Tropospheric column ozone from the ACCMIP ensemble was clustered using the
Data Density based Clustering (DDC) algorithm. We find that a multi-model
mean (MMM) calculated using members of the most-populous cluster identified
at each location offers a reduction of up to ∼ 20 % in the global
absolute mean bias between the MMM and an observed satellite-based
tropospheric ozone climatology, with respect to a simple, all-model MMM. On a
spatial basis, the bias is reduced at ∼ 62 % of all locations, with
the largest bias reductions occurring in the Northern Hemisphere – where
ozone concentrations are relatively large. However, the bias is unchanged at
9 % of all locations and increases at 29 %, particularly in the
Southern Hemisphere.

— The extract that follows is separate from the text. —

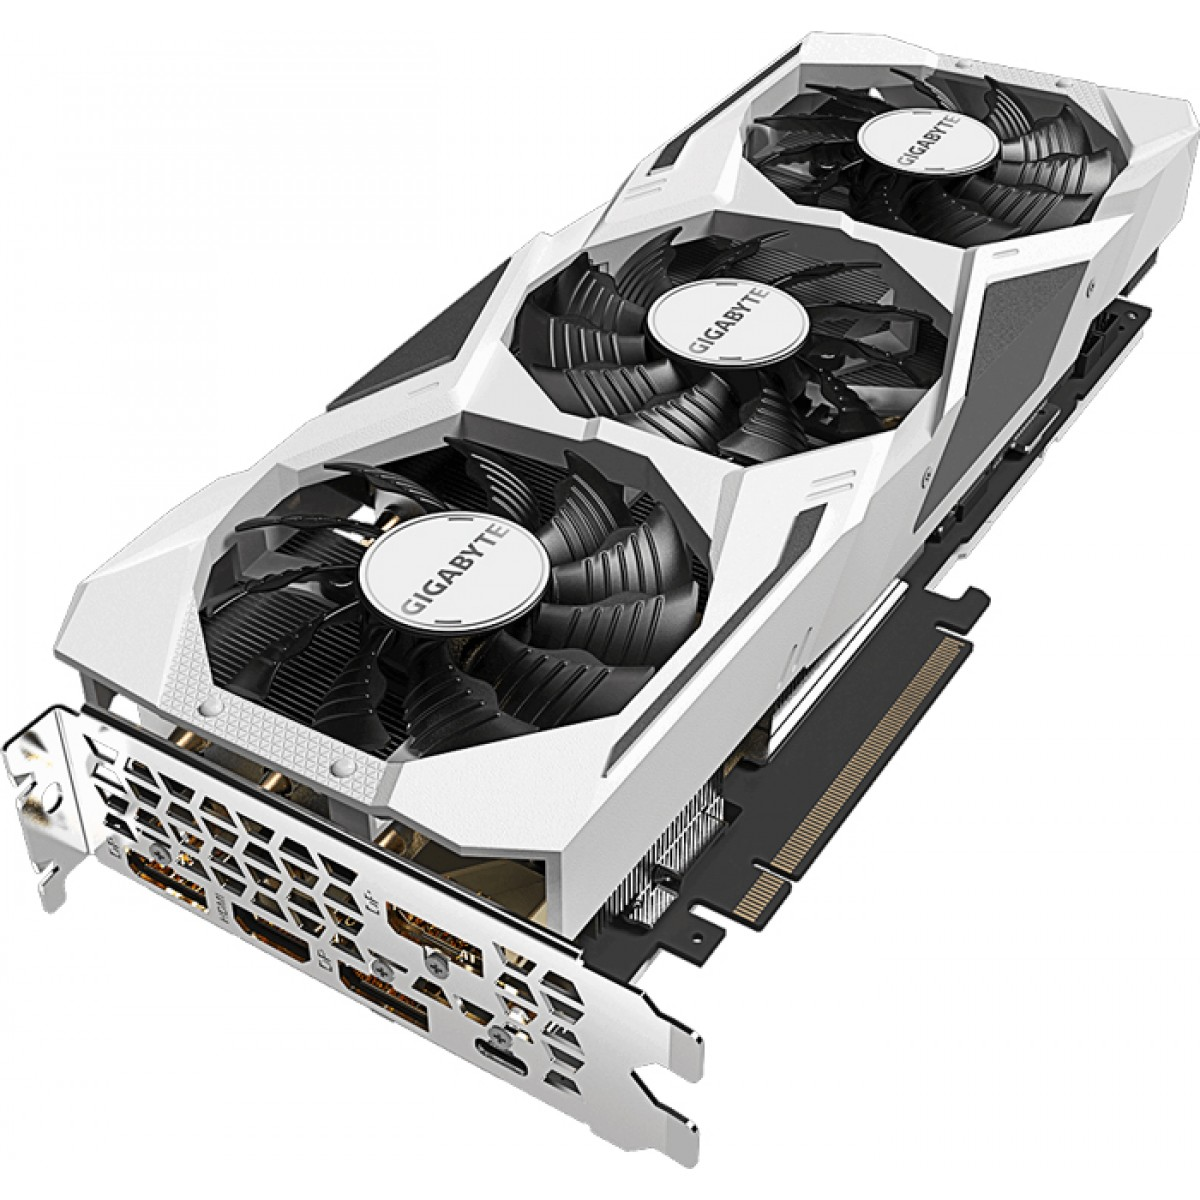 Placa de Vídeo Gigabyte GeForce RTX 2070 Super Gaming OC, 8GB GDDR6, 256Bit, White

The latter demonstrates that although cluster-based
subsampling acts to remove outlier model data, such data may in fact be
closer to observed values in some locations. We further demonstrate that
clustering can provide a viable and useful framework in which to assess and
visualise model spread, offering insight into geographical areas of agreement
among models and a measure of diversity across an ensemble. Finally, we
discuss caveats of the clustering techniques and note that while we have
focused on tropospheric ozone, the principles underlying the cluster-based
MMMs are applicable to other prognostic variables from climate models.